What is your area of specialization?
My field examines culture, history, politics, and social and economic forces affecting the Americas through an interdisciplinary lens. I was trained in cultural, ethnic, and media studies so I examine every subject of study through the prism of race, class, gender, and sexuality.

What topics do you teach at UT?
U.S. cultural history, ethnicity and popular culture, immigration and consumer culture, Asian American studies, theories on transnationalism and Diaspora, gender and beauty culture.

What is your current research focus?
I just completed a book project that was a revision of my dissertation topic on Vietnamese popular culture and the construction of identity. I am currently working on a new project on gender, globalization, and beauty practices.

Is there a hot topic currently being discussed by American Studies scholars in the U.S. or around the world?
Transnationalism, globalization, neoliberalism. Debates about Citizenship. Race, ethnicity, and immigration issues. War and the Middle East, American imperialism. Current events inspire new investigations.

Did you participate in a research project as an undergraduate?
Yes. I did research projects every summer. I applied for fellowships and research assistantships that enabled me to work for and with professors who mentored me and helped me develop my own research interests.

What makes a good grad student?
One needs to be very committed for many years; loves to learn but has the humility to be challenged intellectually; and has patience to endure the life in pursuit of knowledge for knowledge sake. The rewards in this field are NOT monetary.

What are your top three tips for students interested in applying to an American Studies graduate program?

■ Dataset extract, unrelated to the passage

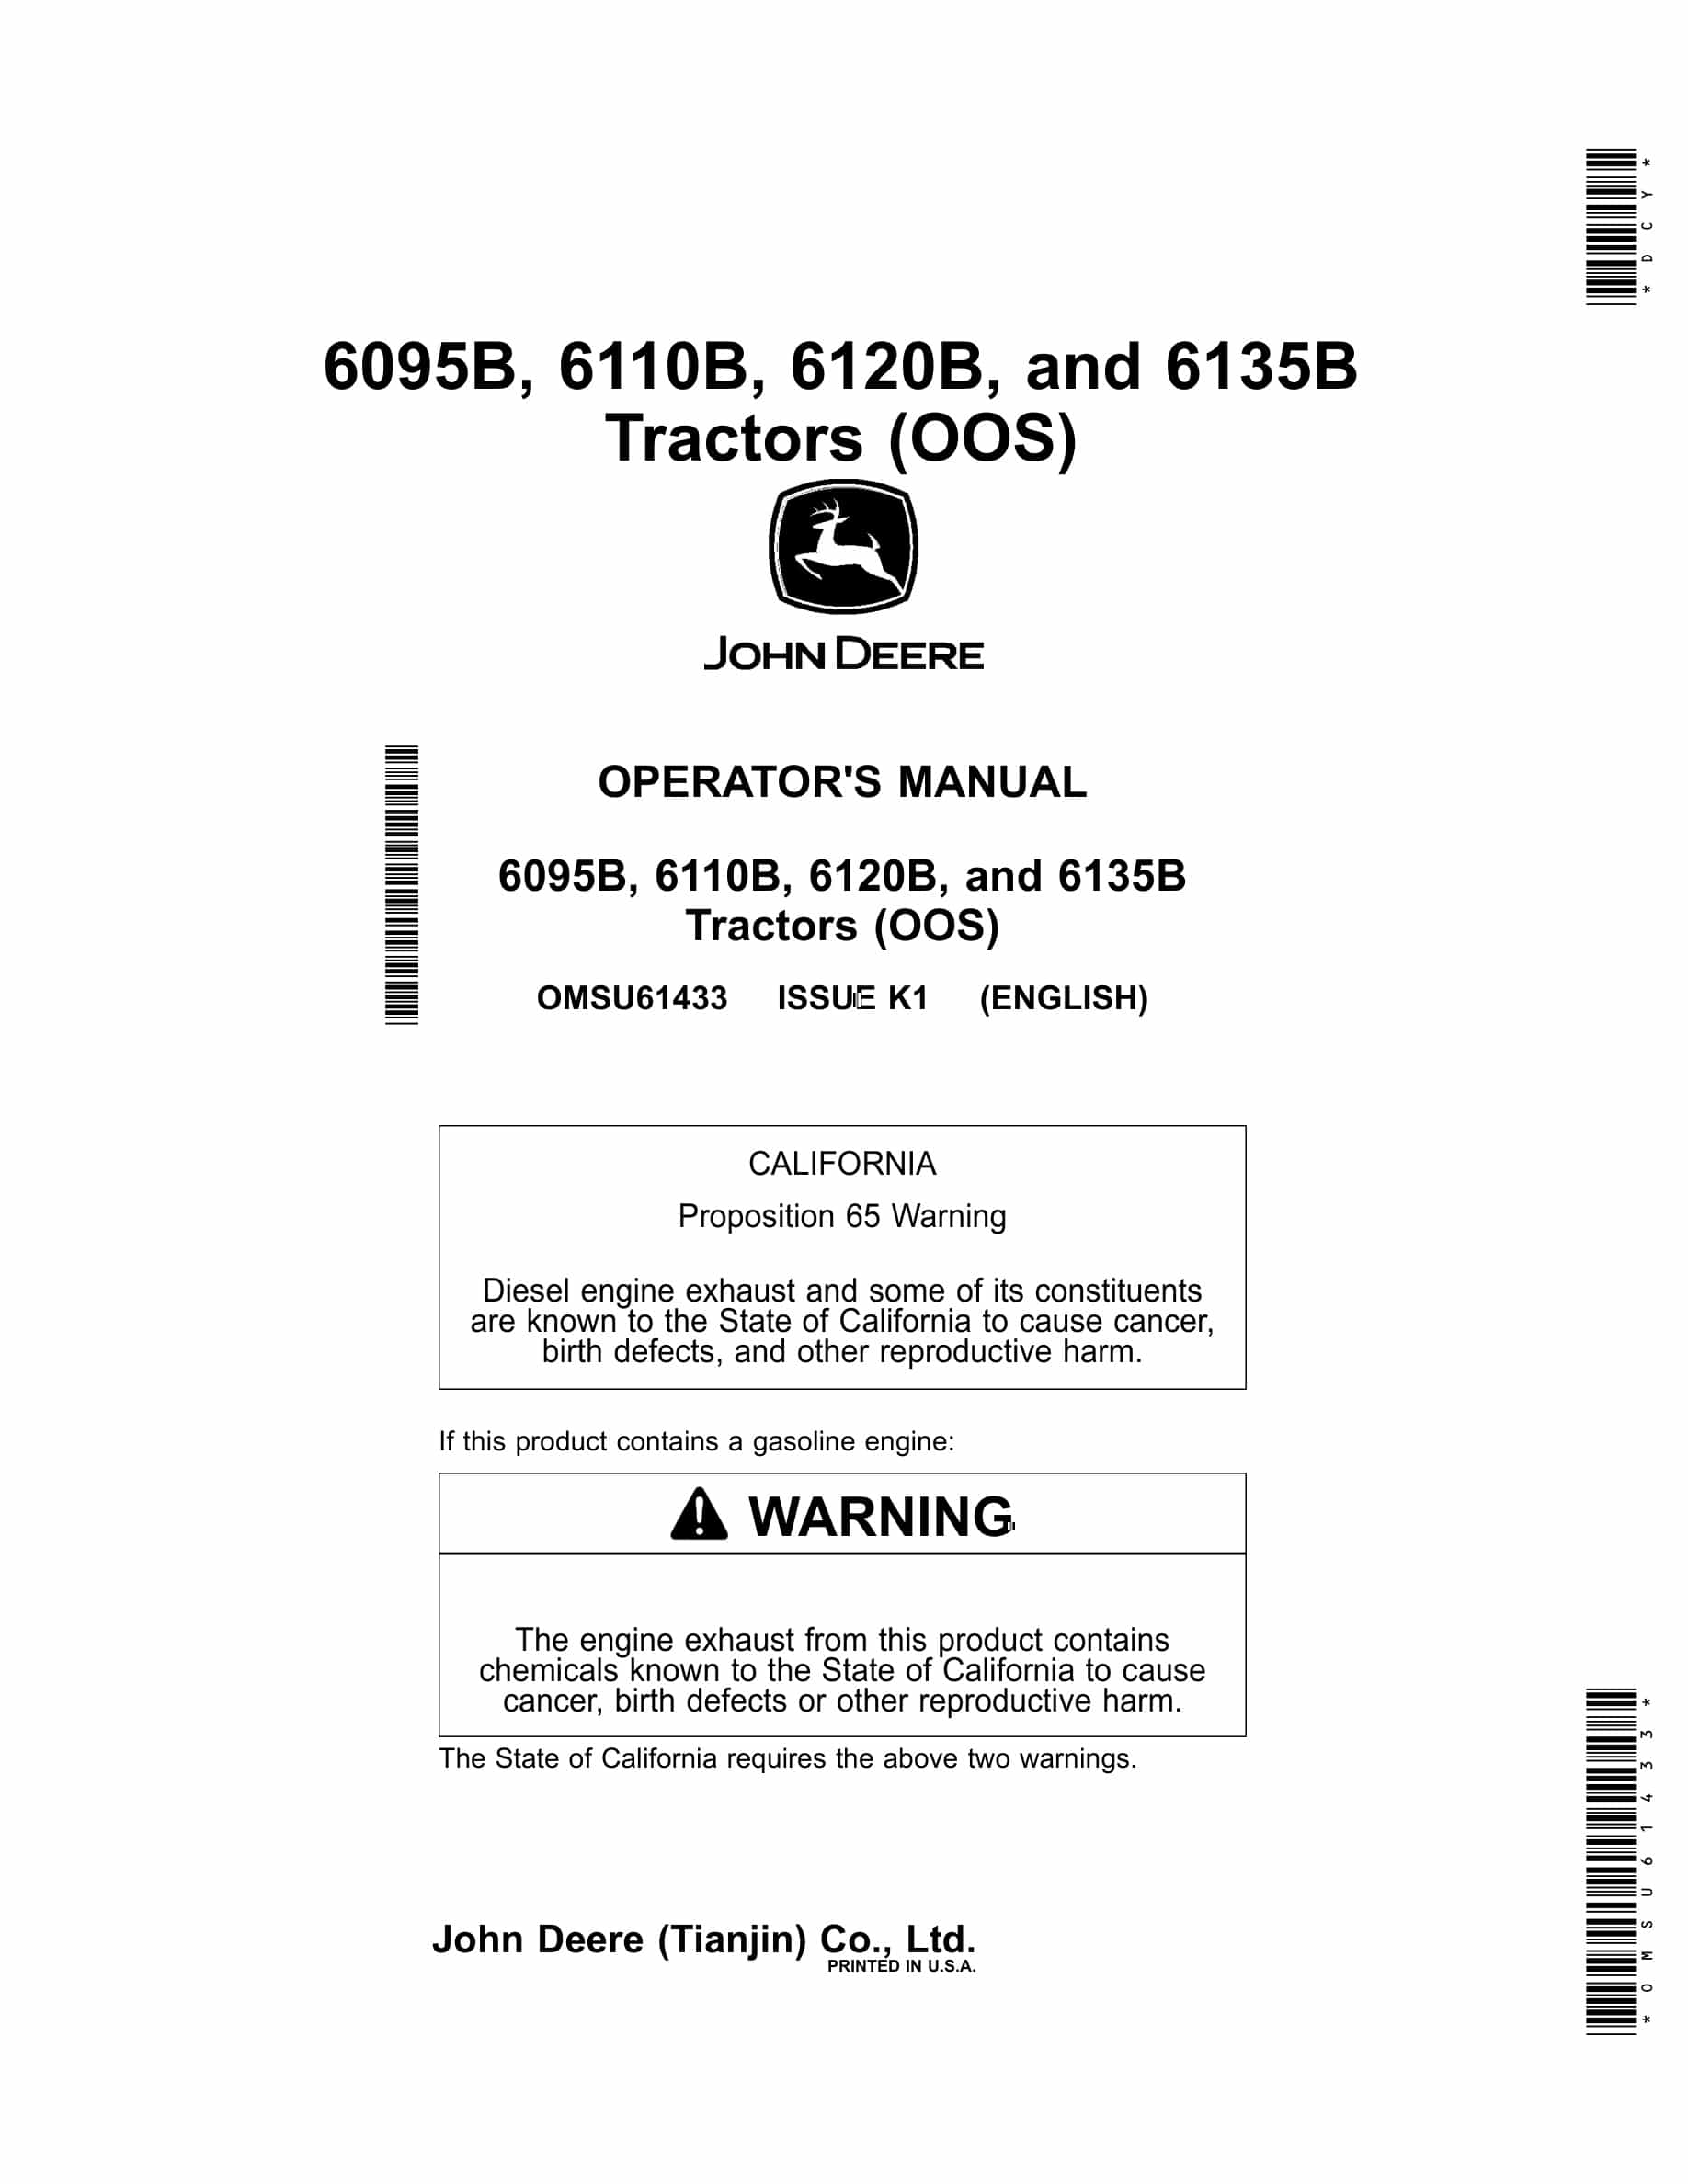 John Deere 6095b, 6110b, 6120b, And 6135b Tractors Operator Manuals OMSU61433-1

  1. Learn as much as you can about the program and the faculty you are likely to work with. Make sure there is a fit. If you want to study something that the program doesn’t offer or specialize in, chances are, you will not be accepted because no one will be able to work with you.
  2. Communicate—be prepared to express yourself intellectually on paper, by email, etc. Demonstrate your ability to thrive in a rigorous environment.
  3. Be open to new experiences, challenges, disappointments.

What are the top American Studies graduate programs in the US?
It really depends on what you want to study but this is a general ranking: University of Southern California, American Studies and Ethnicity; Yale University; University of New York; University of Minnesota; University of Michigan; and The University of Texas at Austin.

What careers do alumni generally pursue after graduation from the program?
Academia (teaching at liberal arts colleges, research universities, state schools, or community colleges), journalism, law, museum work, public works, community organizations, consulting work for various topics of cultural, social, political relevance.